--- Source data Enclosed Below ---

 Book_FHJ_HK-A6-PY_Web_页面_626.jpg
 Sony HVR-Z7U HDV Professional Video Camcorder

--- End of Enclosed Source data ---
--- Source data Enclosed Below ---

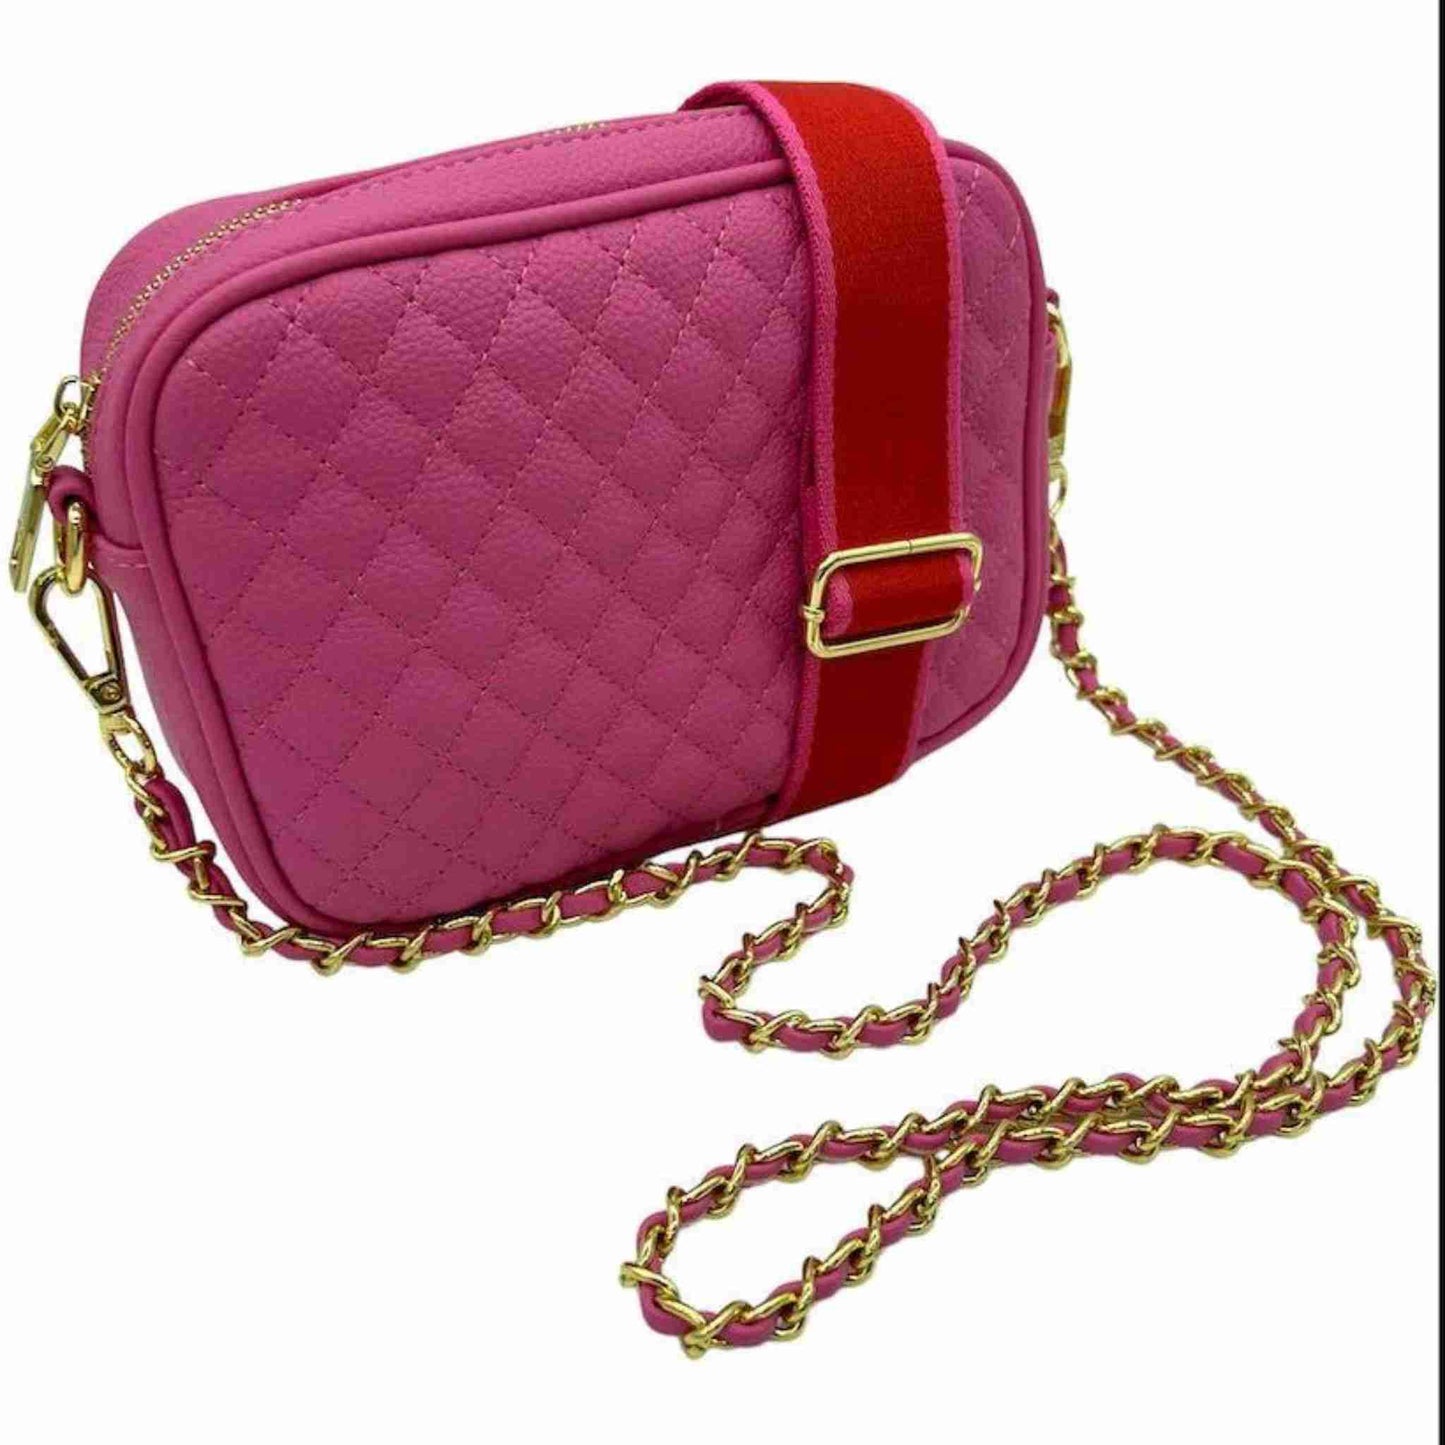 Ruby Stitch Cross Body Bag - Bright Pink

--- End of Enclosed Source data ---
--- Source data Enclosed Below ---

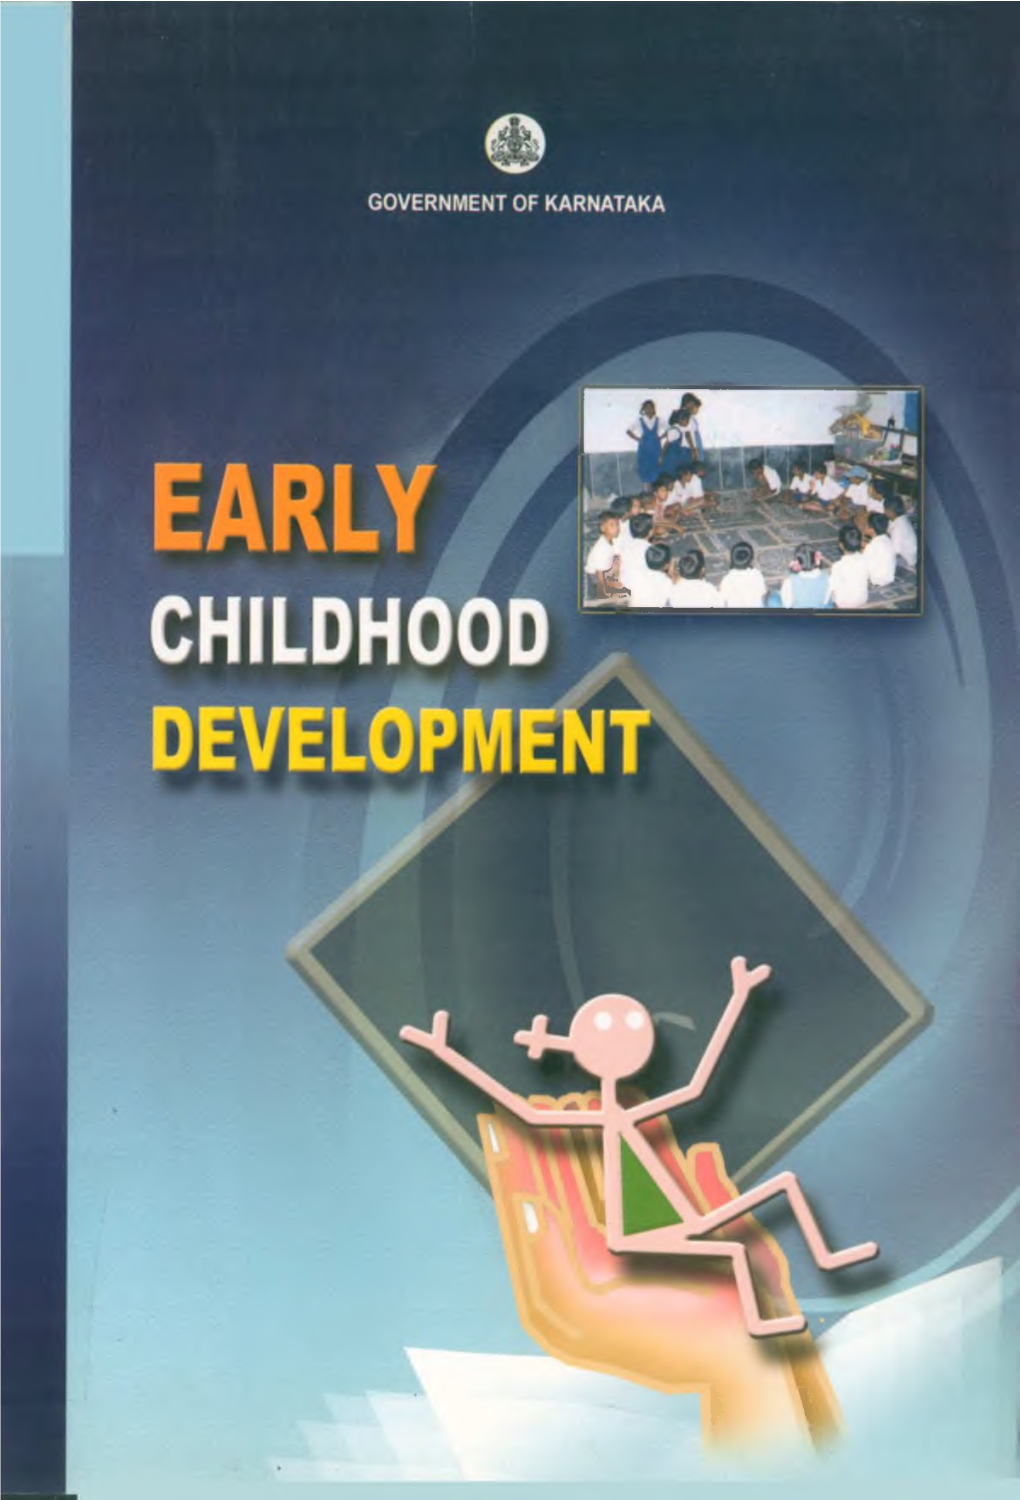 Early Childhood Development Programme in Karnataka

--- End of Enclosed Source data ---

(Problem to solve): Of the lines above, output exactly those from the line bearing "Book_FHJ_HK-A6-PY_Web_页面_626.jpg" through the line bearing "Sony HVR-Z7U HDV", inclusive.

(Written answer):
 Book_FHJ_HK-A6-PY_Web_页面_626.jpg
 Sony HVR-Z7U HDV Professional Video Camcorder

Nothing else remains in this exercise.